I'm scraping data from a large online database (GBIF), which requires three steps: (1) match a GBIF "key" identifier to a species name, (2) send a query to the database, getting a download key ("res") in return, and (3) download, import, and filter the data associated with that species. I've written a function for each of these (not including the actual code here, since it's unfortunately very long and requires login credentials):
get_gbif_key <- function(species) {}
get_gbif_res <- function(gbifkey) {}
get_gbif_dat <- function(gbifres) {}
I have a list of several hundred species to which I want to apply these three functions in order. I know they work individually, but I can't figure out how to feed them into each other (probably using purrr
?) and reference the correct inputs from the nested outputs of the previous function.
So, for example:
> testlist <- c('Gadus morhua','Caretta caretta')
> testkey <- map(testlist, get_gbif_key)
> testkey
[[1]]
[1] 8084280
[[2]]
[1] 8894817
Here's where I'm stuck. I want to feed the keys in this list structure into the next function, but I don't know how to properly reference them using map
or other functions. I can do it by manually creating a new list for the next function:
> testlist2 <- c('8084280','8894817')
> testres <- map(testlist2, get_gbif_res)
> testres
[[1]]
<<gbif download>>
Username: XXXX
E-mail: XXXX@gmail.com
Download key: 0001342-180412121330197
[[2]]
<<gbif download>>
Username: XXXX
E-mail: XXXX@gmail.com
Download key: 0001343-180412121330197
EDIT: the structure of this output may be posing a problem here. When I run listviewer::jsonedit(testres)
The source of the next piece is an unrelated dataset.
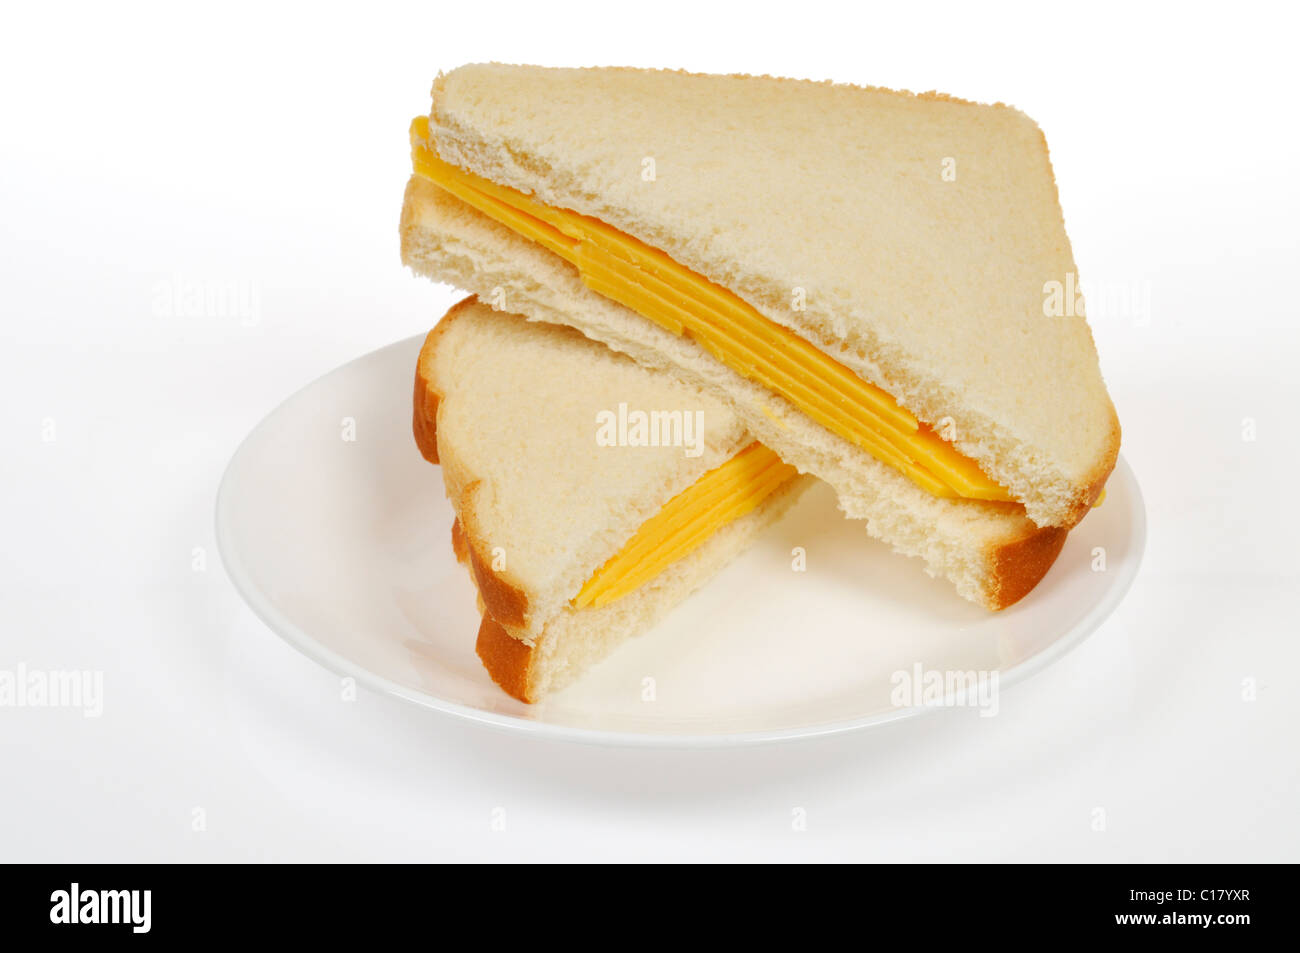 Cheese sandwich with 2 slices of cheese on white bread cut in half on white plate on white background, cutout. Stock Photo
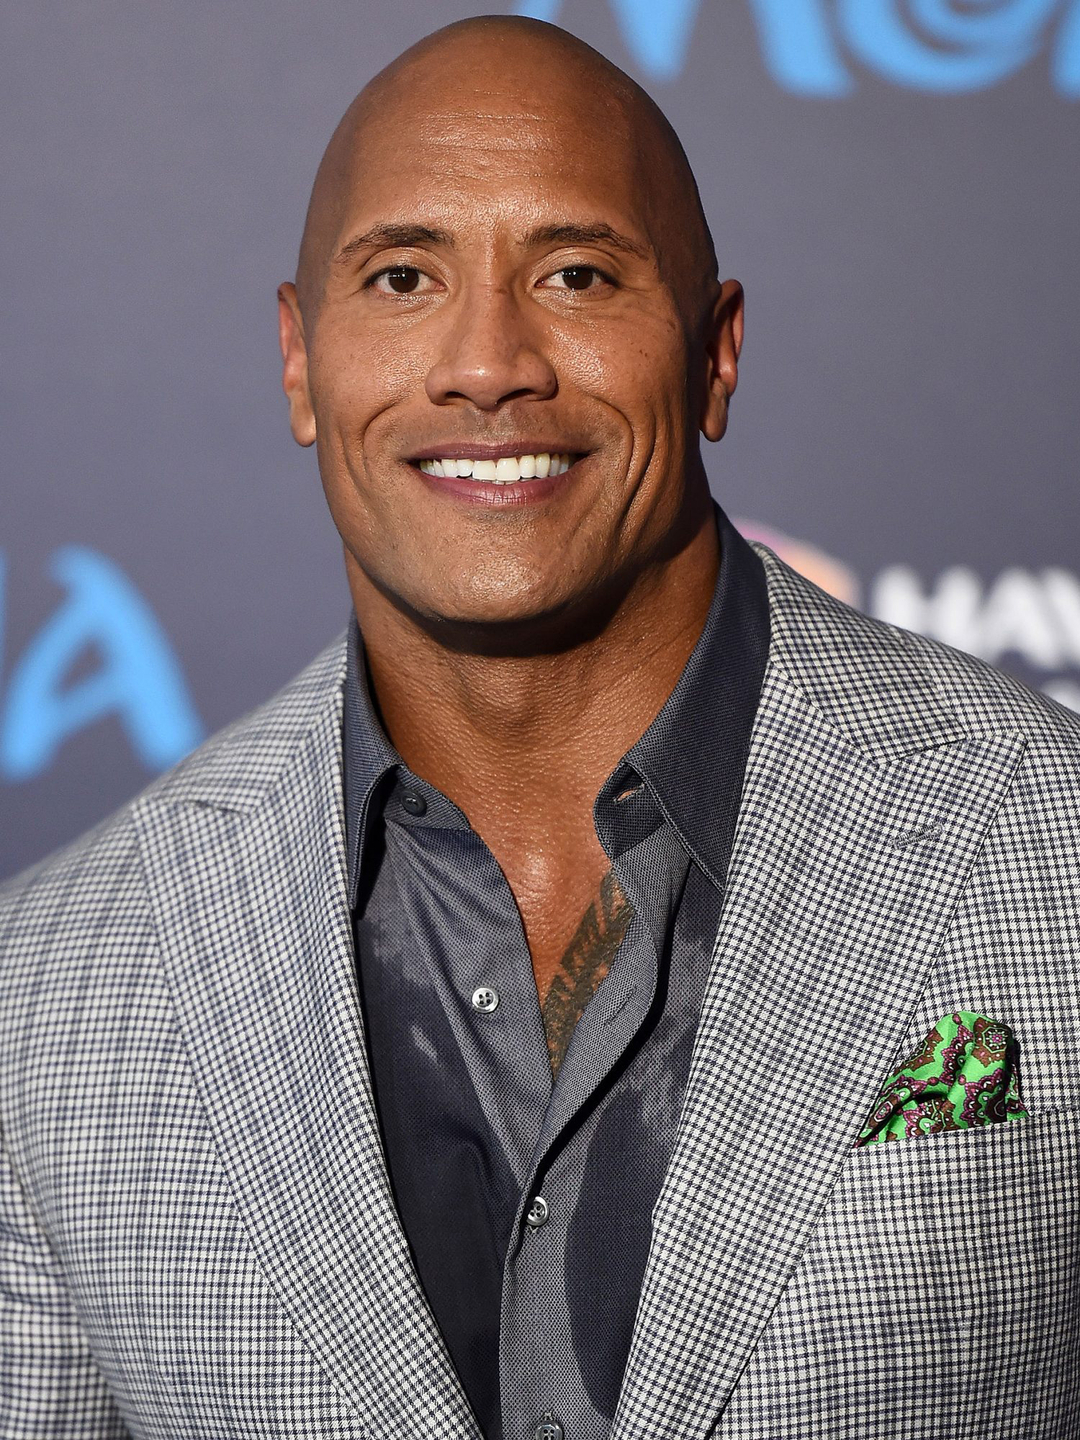 Dwayne Johnson where is he now

, it just looks like a normal nested list with entries 0 and 1 holding the two download keys. However, when I run str(testres)
, I get the following:
> str(testres)
List of 2
$ :Class 'occ_download' atomic [1:1] 0001342-180412121330197
.. ..- attr(*, "user")= chr "XXXX"
.. ..- attr(*, "email")= chr "XXXX@gmail.com"
$ :Class 'occ_download' atomic [1:1] 0001343-180412121330197
.. ..- attr(*, "user")= chr "XXXX"
.. ..- attr(*, "email")= chr "XXXX@gmail.com"
And, again, for the third one:
> testlist3 <- c('0001342-180412121330197','0001343-180412121330197')
> testdat <- map(testlist3, get_gbif_dat)
Which successfully loads a list object with the desired data into R (it has two unnamed elements, 0 and 1, each of which is a list of 28 requested variables for each species). Any advice for scripting this get_gbif_key %>% get_gbif_res %>% get_gbif_dat
workflow in a way that unpacks the preceding list structures correctly?
Here's what you should try based on the evidence provided so far. Basically, the results suggest you should be able to succeed with nested map
-ping:
yourData <- map( unlist( # to make same class as your single func version
map(
map(testlist,
get_gbif_key), # returns gbifkeys
get_gbif_res)), # returns gbif_res's
get_gbif_dat) # returns data items
The last item that you showed the structure for is just a list of atomic character vectors with some extra attributes and your functions seems to handle that without difficulty, so mapping should succeed.